- Born: 30 March 1920 Chelsea, London
- Died: 11 June 2004 (aged 84)
- Occupation: Model agent

= Peter Hope Lumley =

English model agent and public relations consultant (1920–2004)

Peter Hope Lumley (30 March 1920 – 11 June 2004) was an English model agent and public relations consultant.

==Early life and family==
Peter Lumley was born in Chelsea, London, on 30 March 1920 to Charles Hope Lumley and his wife Kathleen. He was educated at Ottershaw College, Surrey, after which he studied German art and literature at the Ludwig-Maximilians-Universität München.

Lumley served in the 8th Battalion, The Buffs, and then the Intelligence Corps, during the Second World War. He declined to be commissioned and was demobilised as a sergeant major. He was mentioned in despatches.

In 1947, Lumley married Priscilla Kincaid-Smith with whom he had a son and a daughter.
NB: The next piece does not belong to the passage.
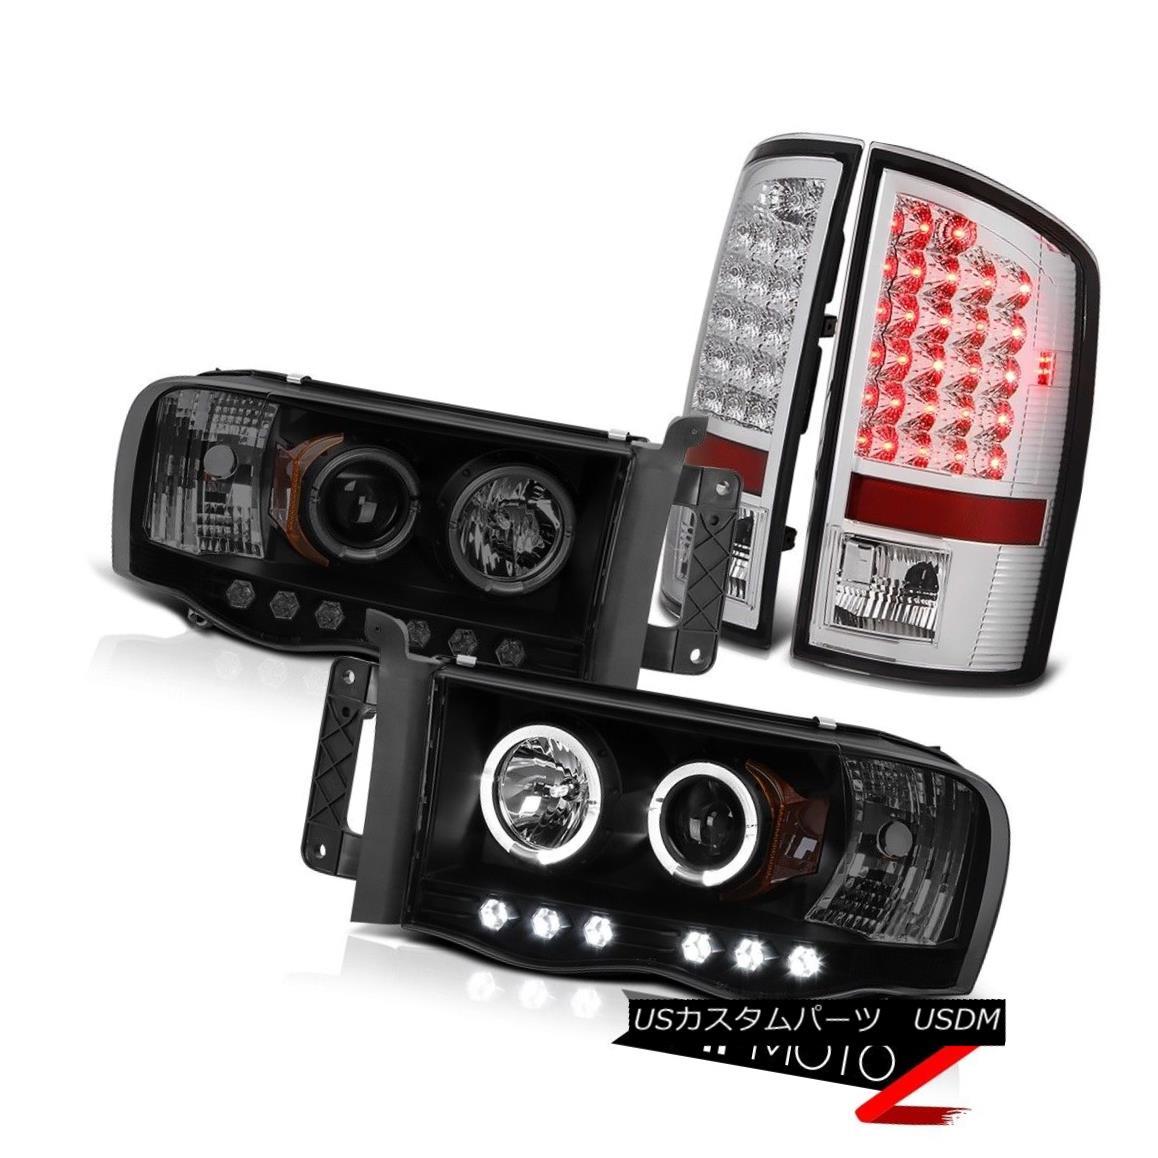 テールライト 2002-2005 Ram V6 V8 Laramie Black Smoke Halo Headlight SMD Rear Tail Lights 2002-2005 Ram V6 V8ララミーブラックスモークヘイローヘッドライトSMDリアテールライト
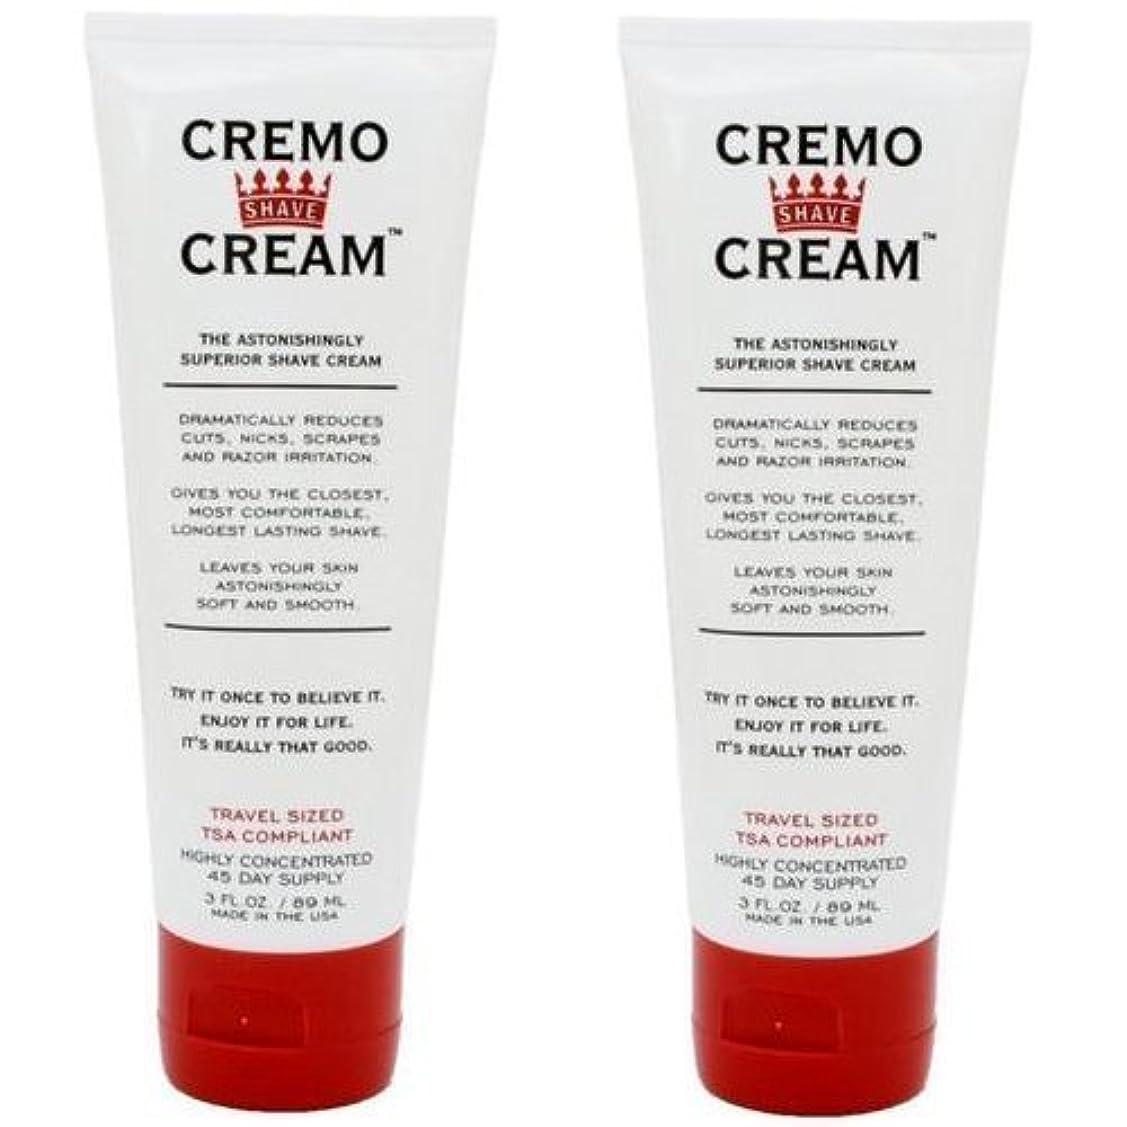 作家考古学的な美徳Cremo Original Shave Cream Astonishingly Superior Shaving Cream for Men Travel Size 3 Fluid Ounce (2 Pack) [並行輸入品]

After that marriage was dissolved, he married Charlotte Warren-Davis in 1965 with whom he had three daughters. That marriage also ended in divorce.

==Career==
In 1947, Lumley set himself up as a public relations consultant. Among his first clients were the designer Hardy Amies, Nicholas ("Miki") Sekers, and the shoe magnate Edward Rayne.

In 1955, Lumley branched out as a model agent. Among the models on his books were Bronwen Pugh (later Viscountess Astor) and Sally Croker-Poole who married the Aga Khan.

==Death==
Lumley died on 11 June 2004.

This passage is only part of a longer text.